ViVi読者さんにオススメのマンガを月に1回ご紹介している、マンガ大好き芸人の吉川きっちょむです。さて、あっという間に4月はもう目の前ですね。ViVi読者の皆さんの中にも、この春から新しい環境に飛び込む方はきっと多いはず! そこで今回は、新生活に挑戦するあなたの背中を押すような「学びになるマンガ」を紹介していきたいと思います!
周りの目が気になる人におすすめ!
『着たい服がある』
【あらすじ】女子大生マミには、誰にも言えない「秘密」があった。それは、「ロリータファッション」に憧れていること。背が高く、一見クールなマミは、家族からも友達からも「かっこいい女性」像を自然と求められ、そのイメージから外れることに臆病になっていた。だが、周りの目を気にせず奇抜すぎるファッションをし続けるバイト先の同僚・小澤くんに感化され、徐々に「本当の自分」を開放していく――。

©常喜寝太郎/講談社
下手な自己啓発セミナーみたいで申し訳ないんですが、今回だけはまっすぐ言わせてください。
「憧れているものはありますか?」
「なりたい自分になれていますか?」
僕はこのマンガを読んだとき、もっともっと自分の好きに生きていいんだ、と泣いてしまいました。

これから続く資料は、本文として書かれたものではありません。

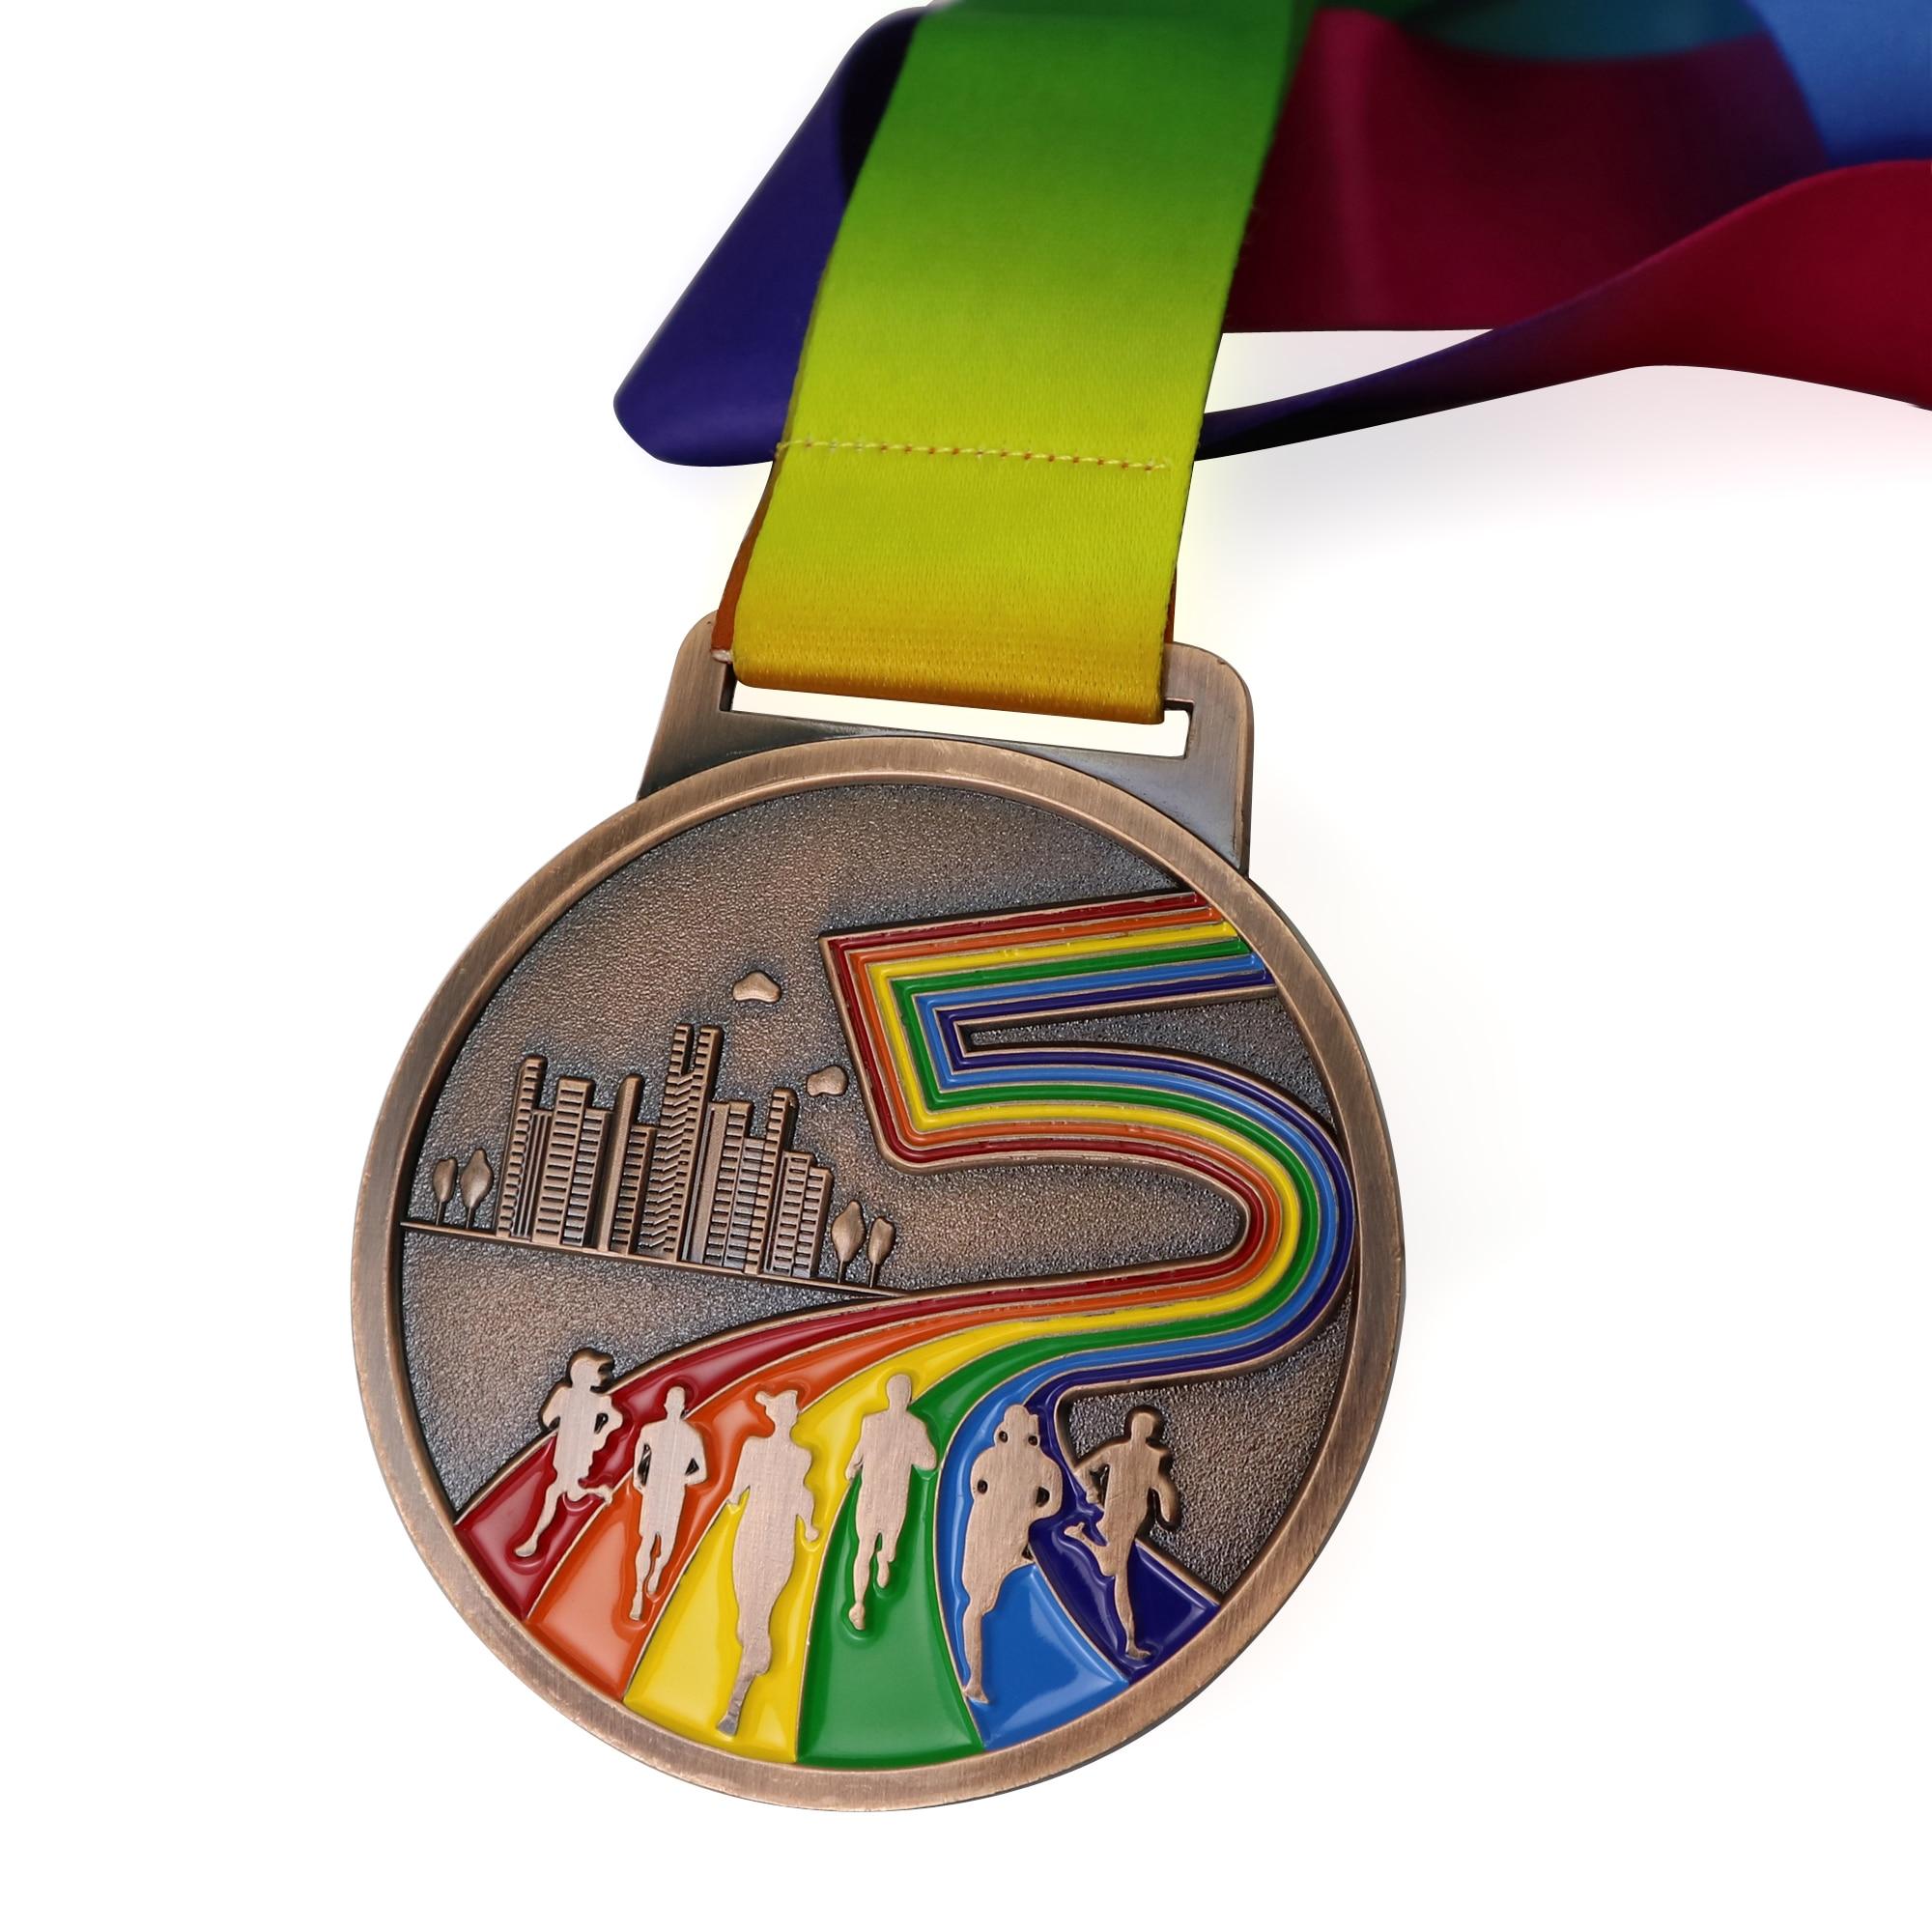 2 Gold 26.2 Marathon Race Medal Award with Free Custom Engraving Prime Marathon Medals
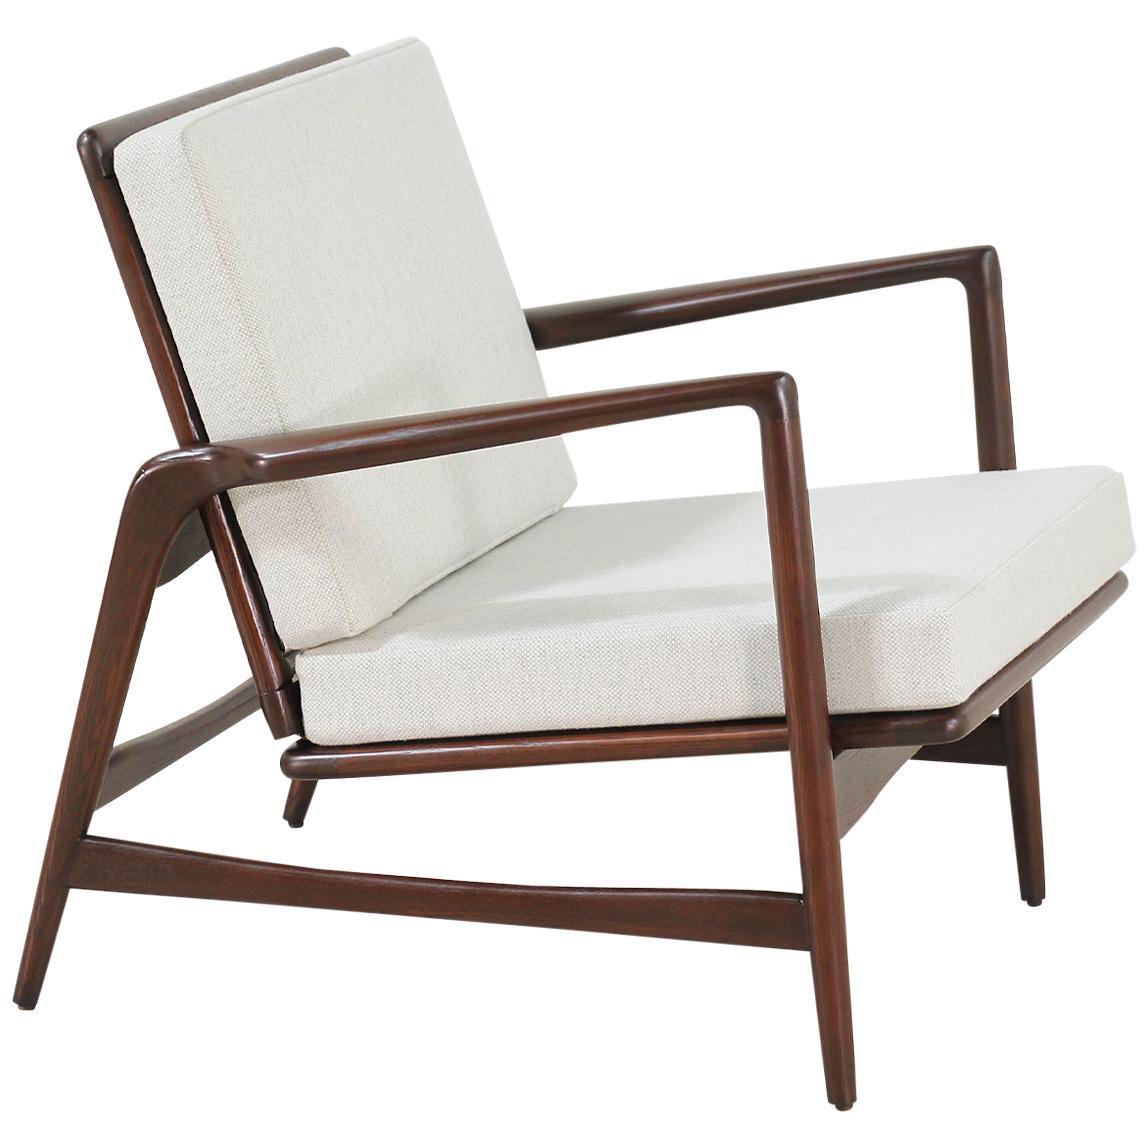 Ib Kofod-Larsen Reclining Lounge Chair for Selig

このマンガは、「服」の話にとどまらず、自分のためにもう一歩踏み出したい「あなた」のための物語です。
周りの視線が気になって、つい本心を押し殺してしまった経験はありませんか?
勝手なイメージで固められて、期待されたり失望されたりするのが怖くて、思い通りの行動に移せない人もいるでしょう。
主人公のマミも、周りから求められた自分を演じて「かわいいロリータファッションに身を包みたい」という小さな願いにフタをしてしまいます。そんなマミの前に現れたのが、自分の好きな服を好きなように着る奇抜なファッションの小澤くん。
そして、小澤くんは彼の服装に絡んできた相手に堂々と答えるんです。
何着てどこ行くかは自分で決めます(1巻第2話)
思えば当たり前のことなのですが、周囲の視線を気にして自分に自信が持てなかったマミには衝撃でした。ここからマミは傷つきながらも何度も立ち上がって、一歩ずつ挑戦していきます。
ひどい言葉で心がザワつくような場面もあるんですが、それ以上に「誰かを傷つけないように自分と戦って思い悩む」主人公に、とても勇気づけられます。
そして、このマンガが面白いのは、ただ「好きな自分になる」だけで終わらないところ。
勇気を出して「自分らしく生きる」姿を見せつつも、同時に身近で大切な人の理解や責任、一人だけで生きてるわけじゃない難しさが丁寧に描かれています。
全5巻を通して「なりたい自分になる」ことを一貫して描いていますが、1冊ずつ違う切り口で悩んでいる読者の背中を押してくれる、オススメの作品です!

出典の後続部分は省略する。